ASSIGNMENT: Going through the material below, output exactly the lines from the one containing "Whale Print Silk" through the one containing "Taylor Swift Free Wallpaper", and no pictures.

AVAILABLE DATA:
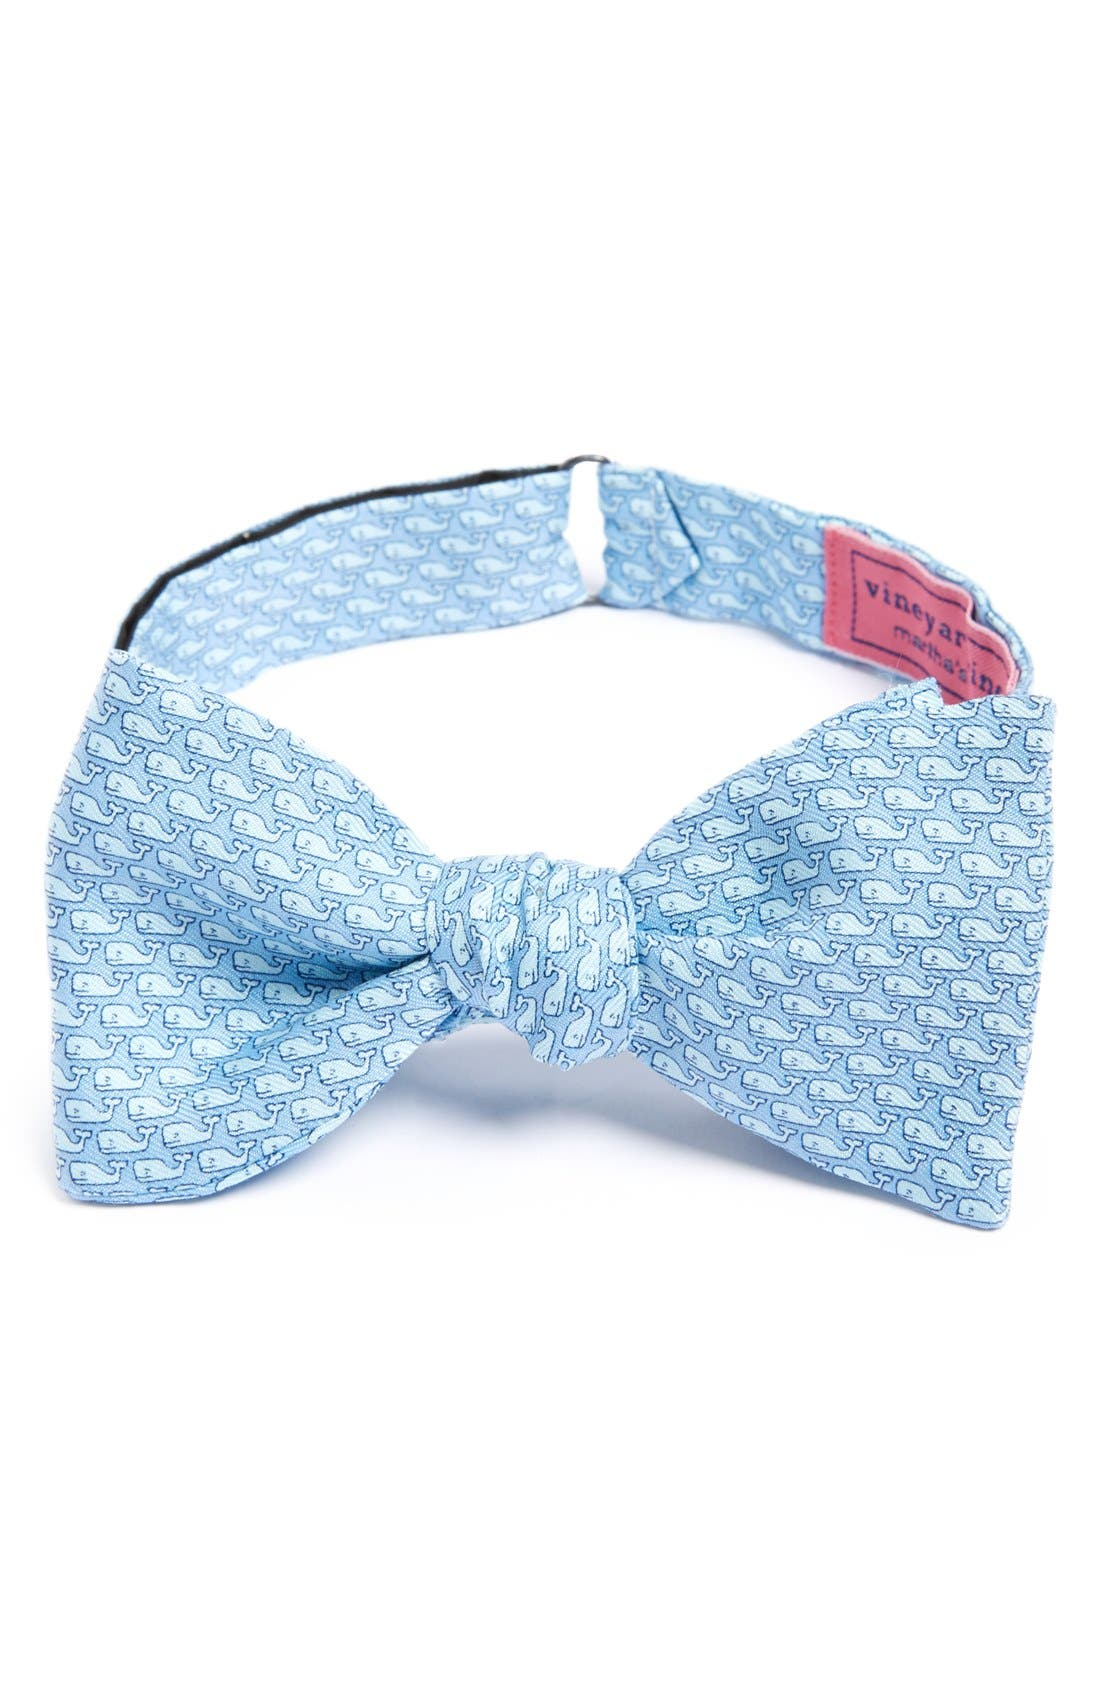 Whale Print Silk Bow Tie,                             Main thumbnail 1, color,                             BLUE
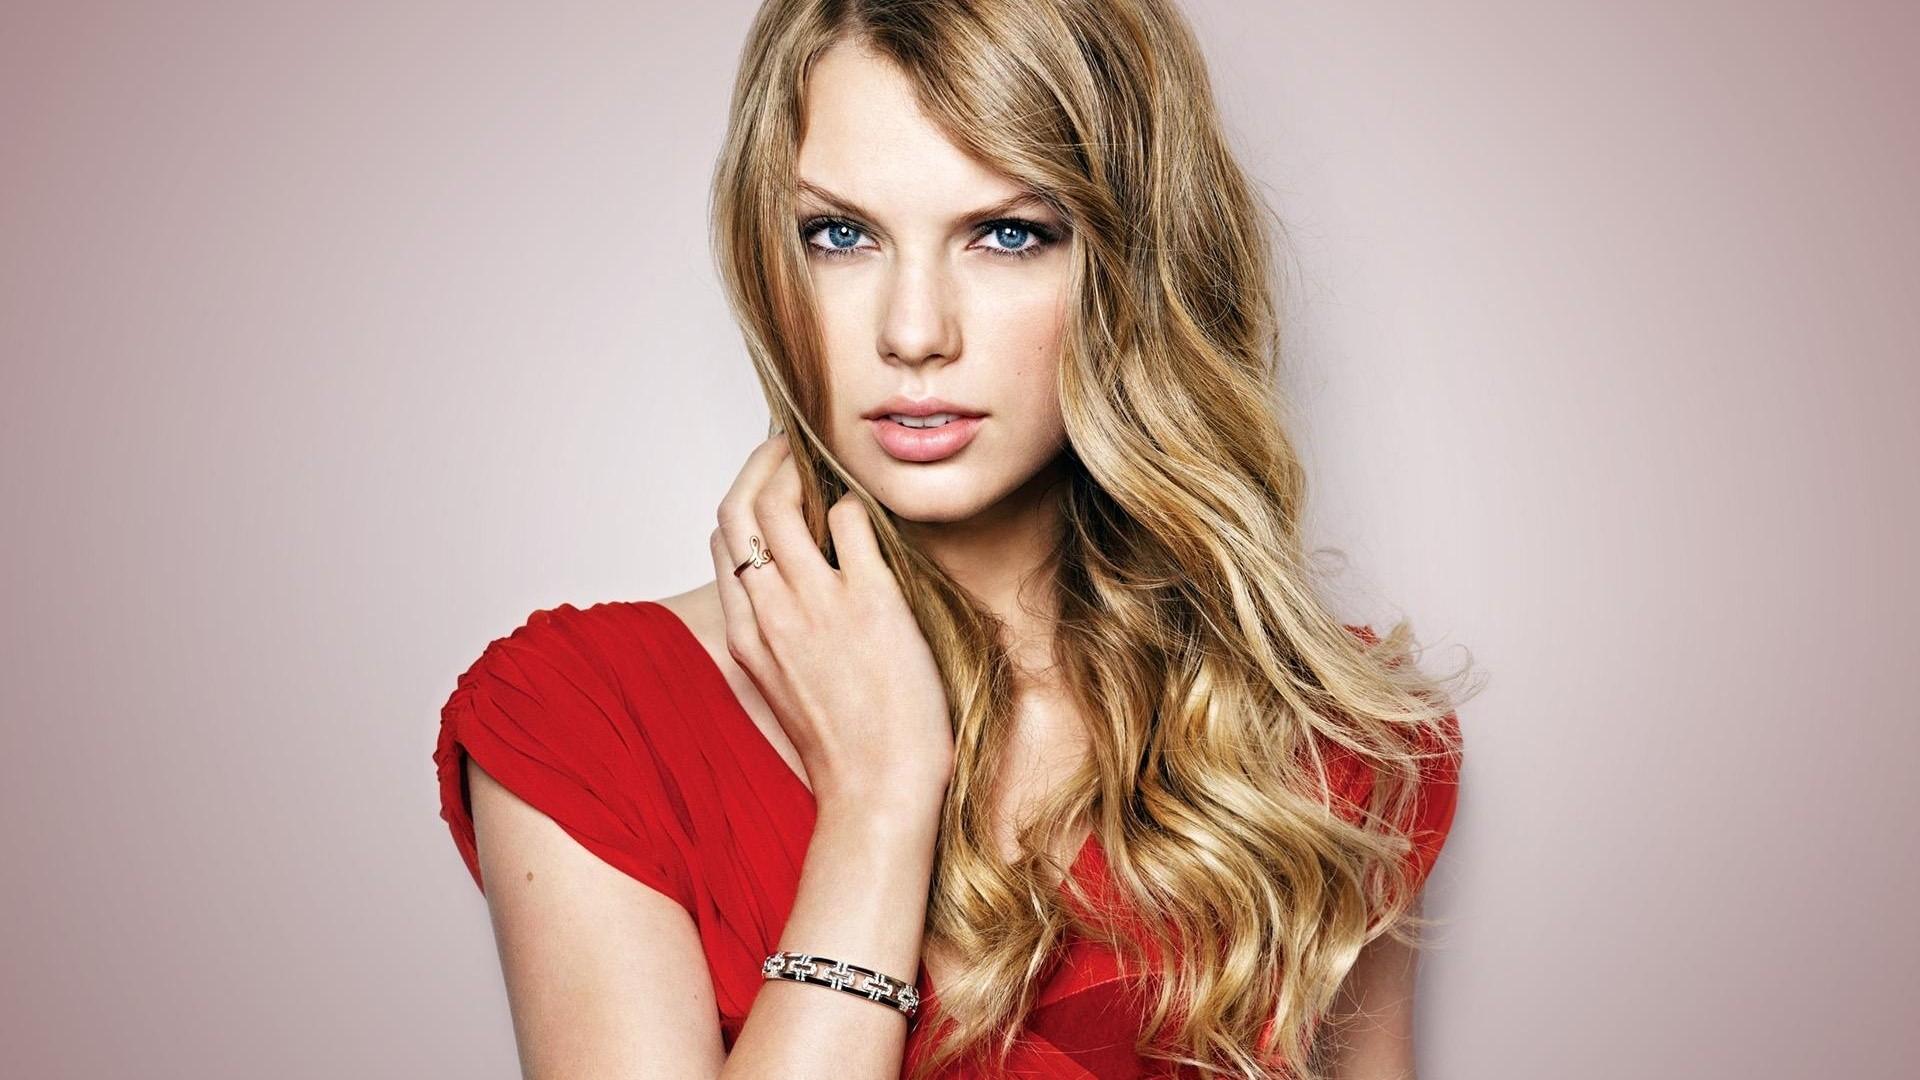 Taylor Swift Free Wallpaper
---
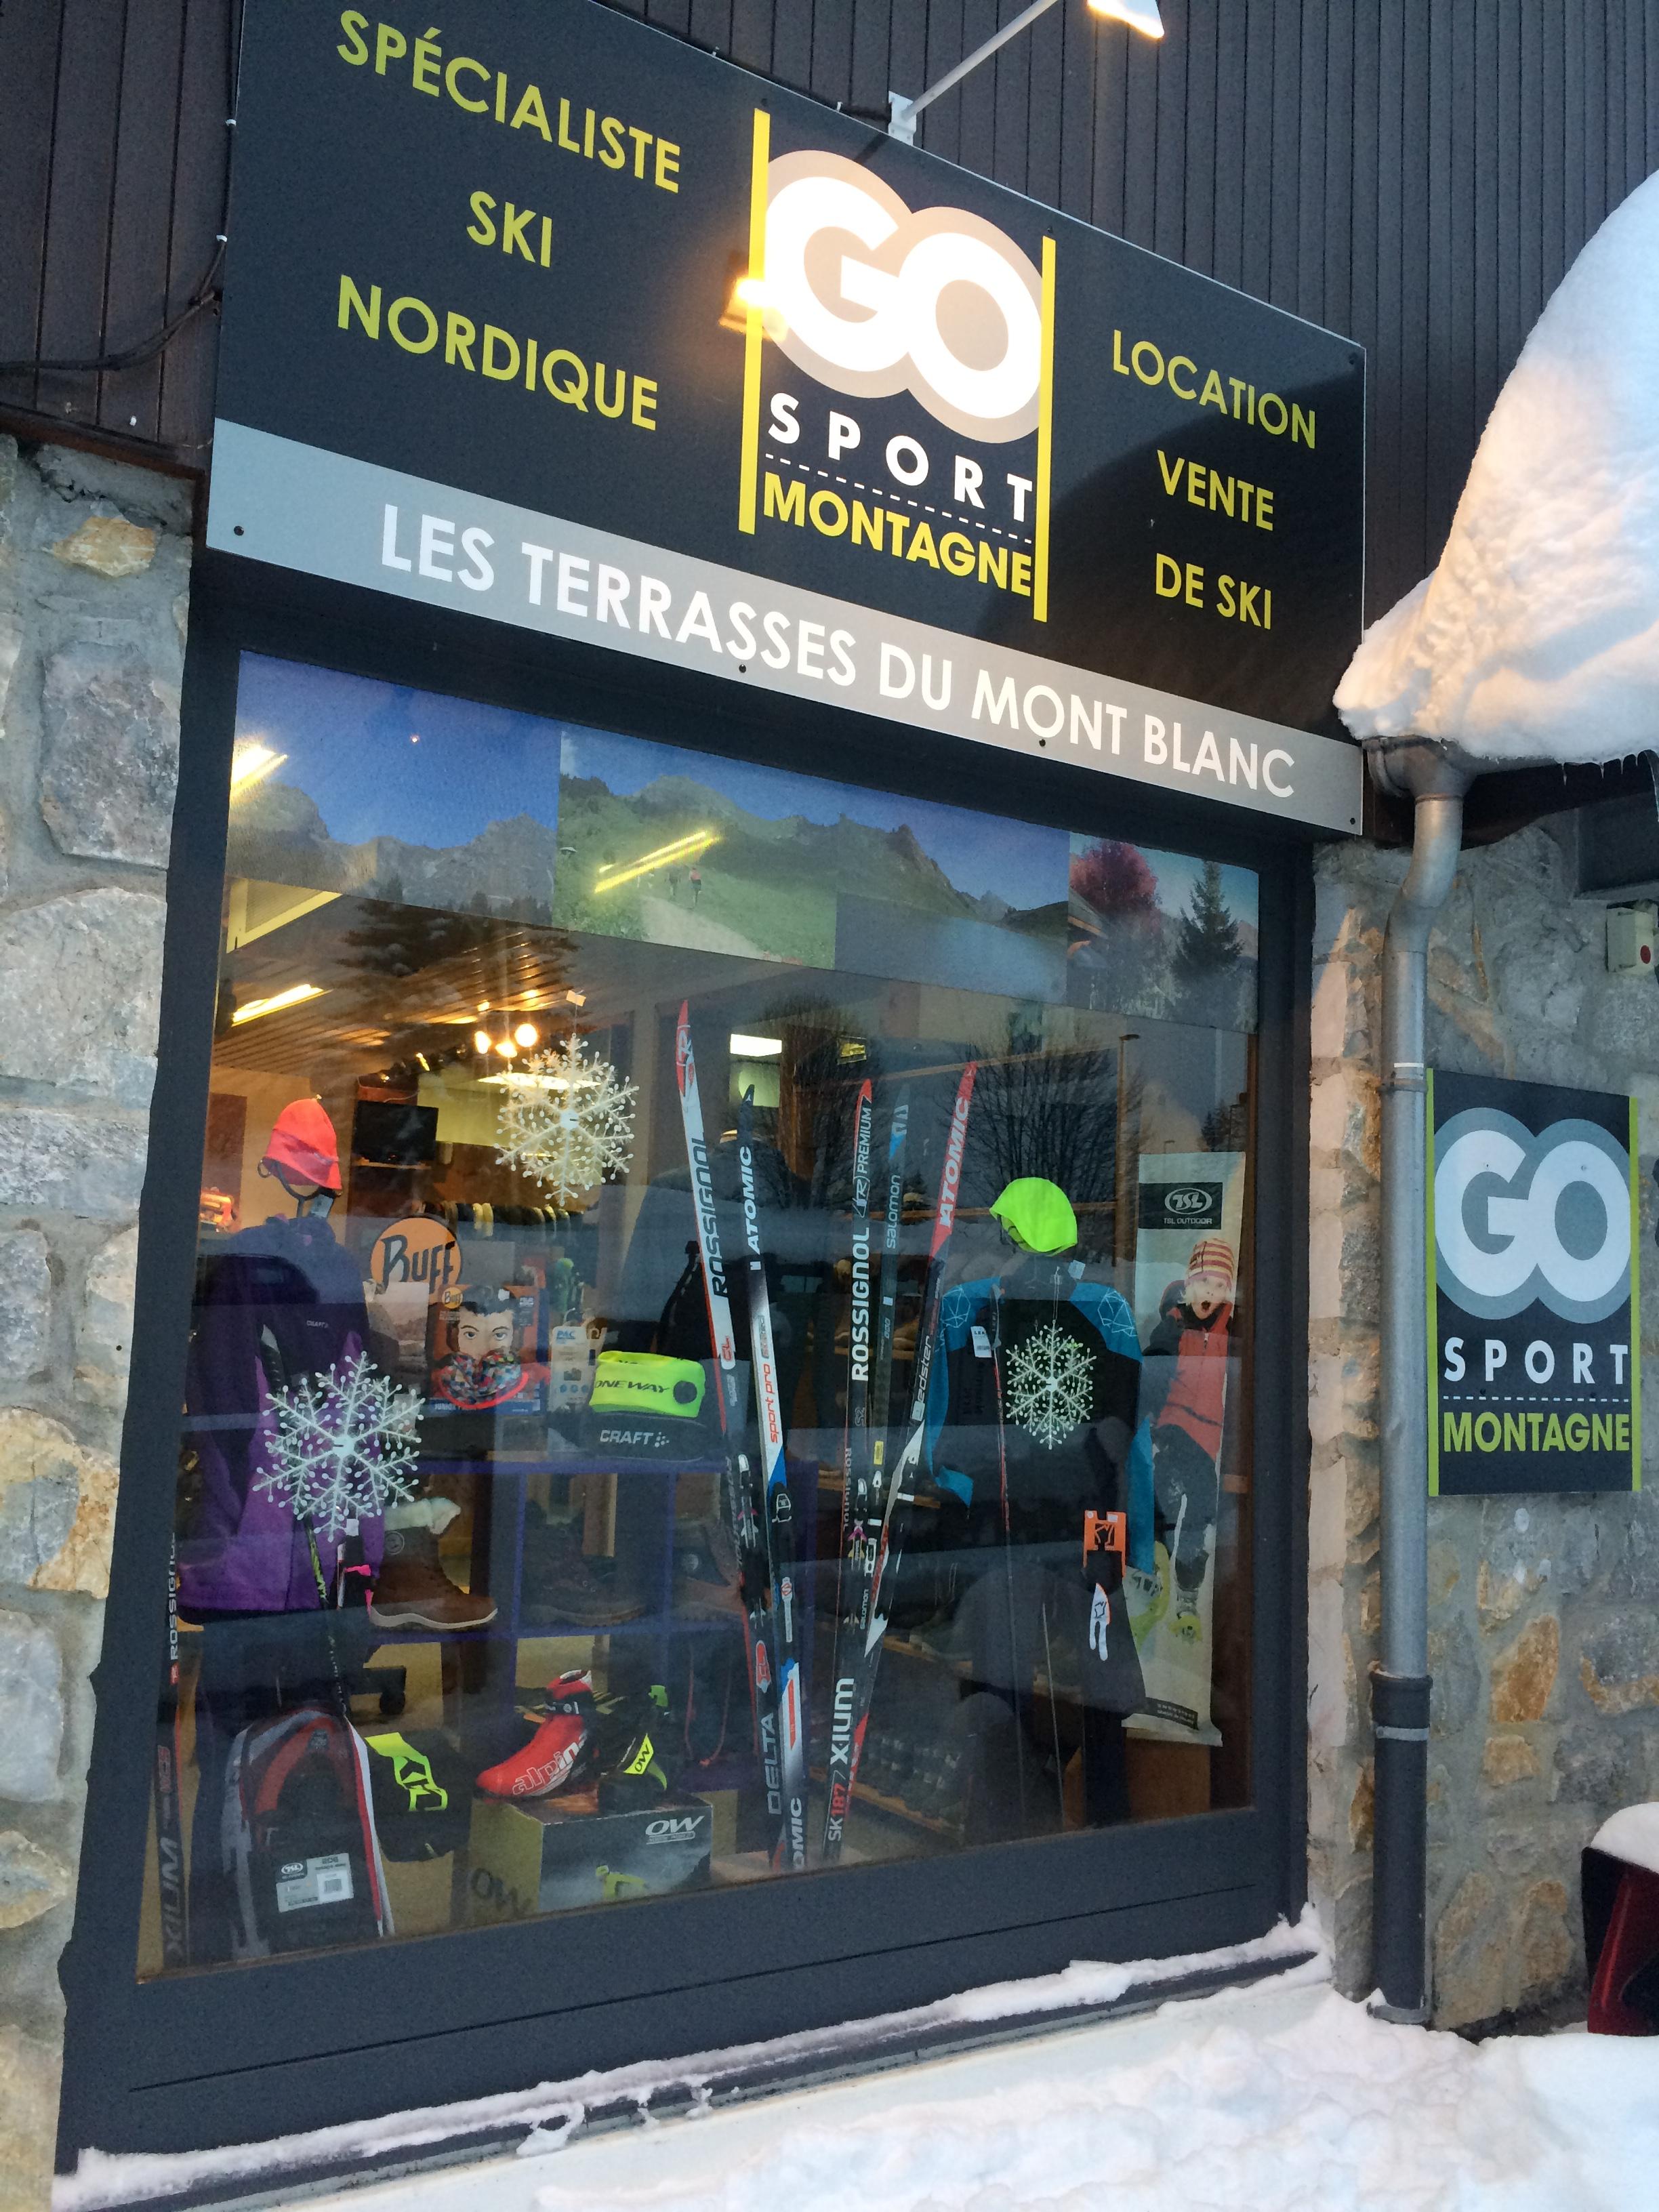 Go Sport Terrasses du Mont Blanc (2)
* * *
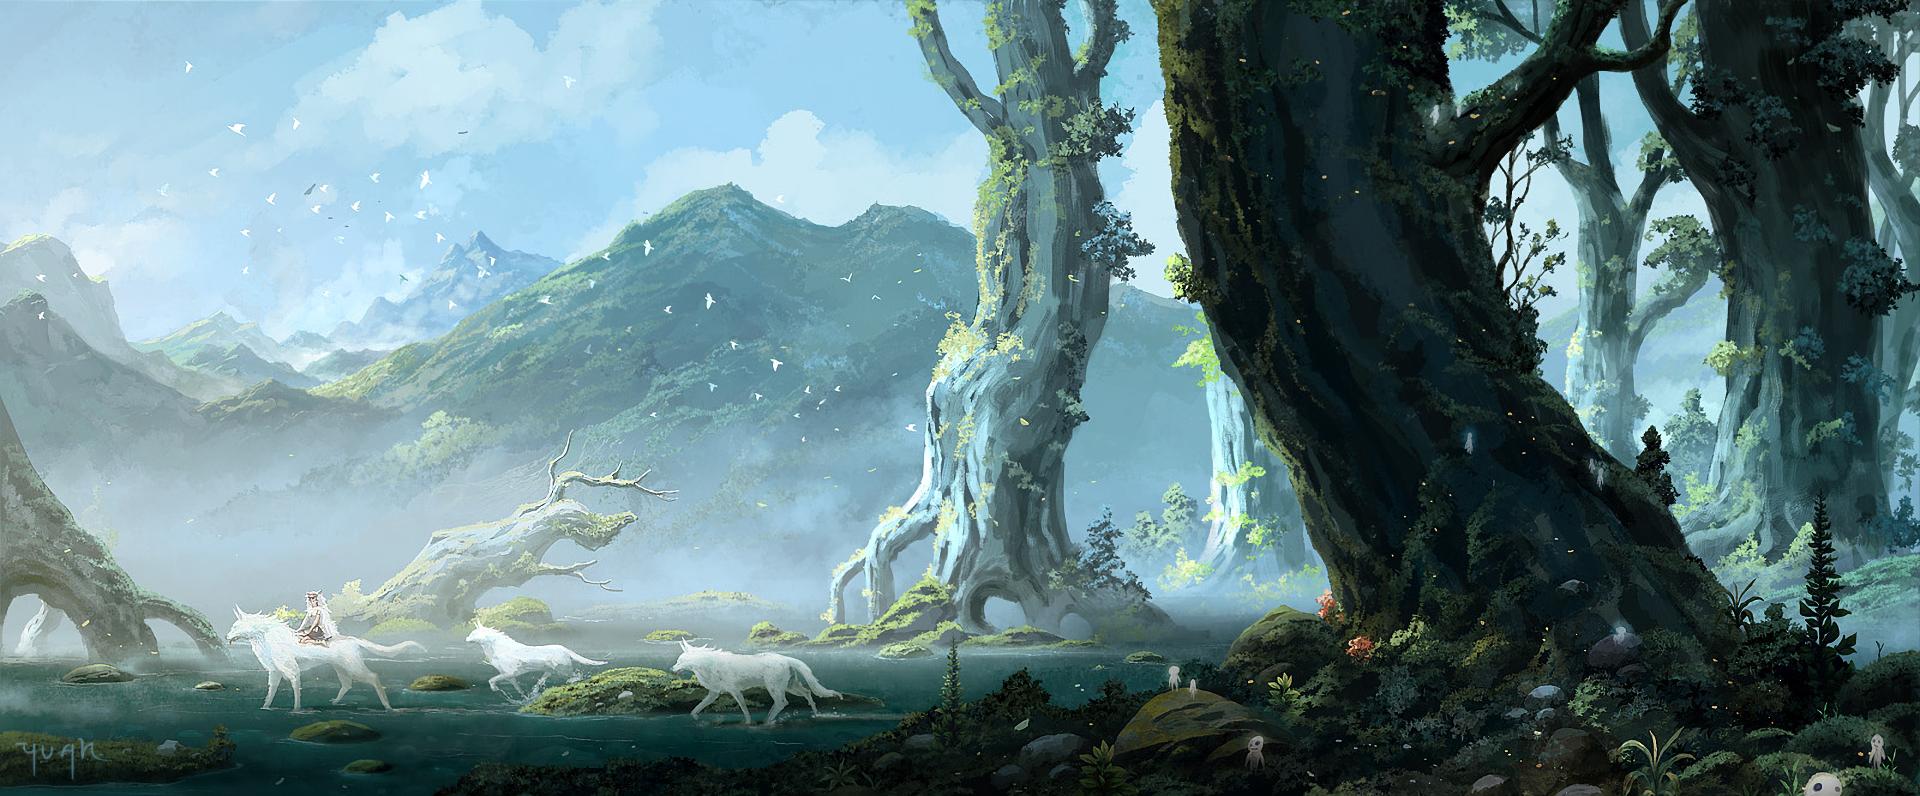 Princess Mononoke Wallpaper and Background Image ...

ANSWER BOX:
 Whale Print Silk Bow Tie,                             Main thumbnail 1, color,                             BLUE
 Taylor Swift Free Wallpaper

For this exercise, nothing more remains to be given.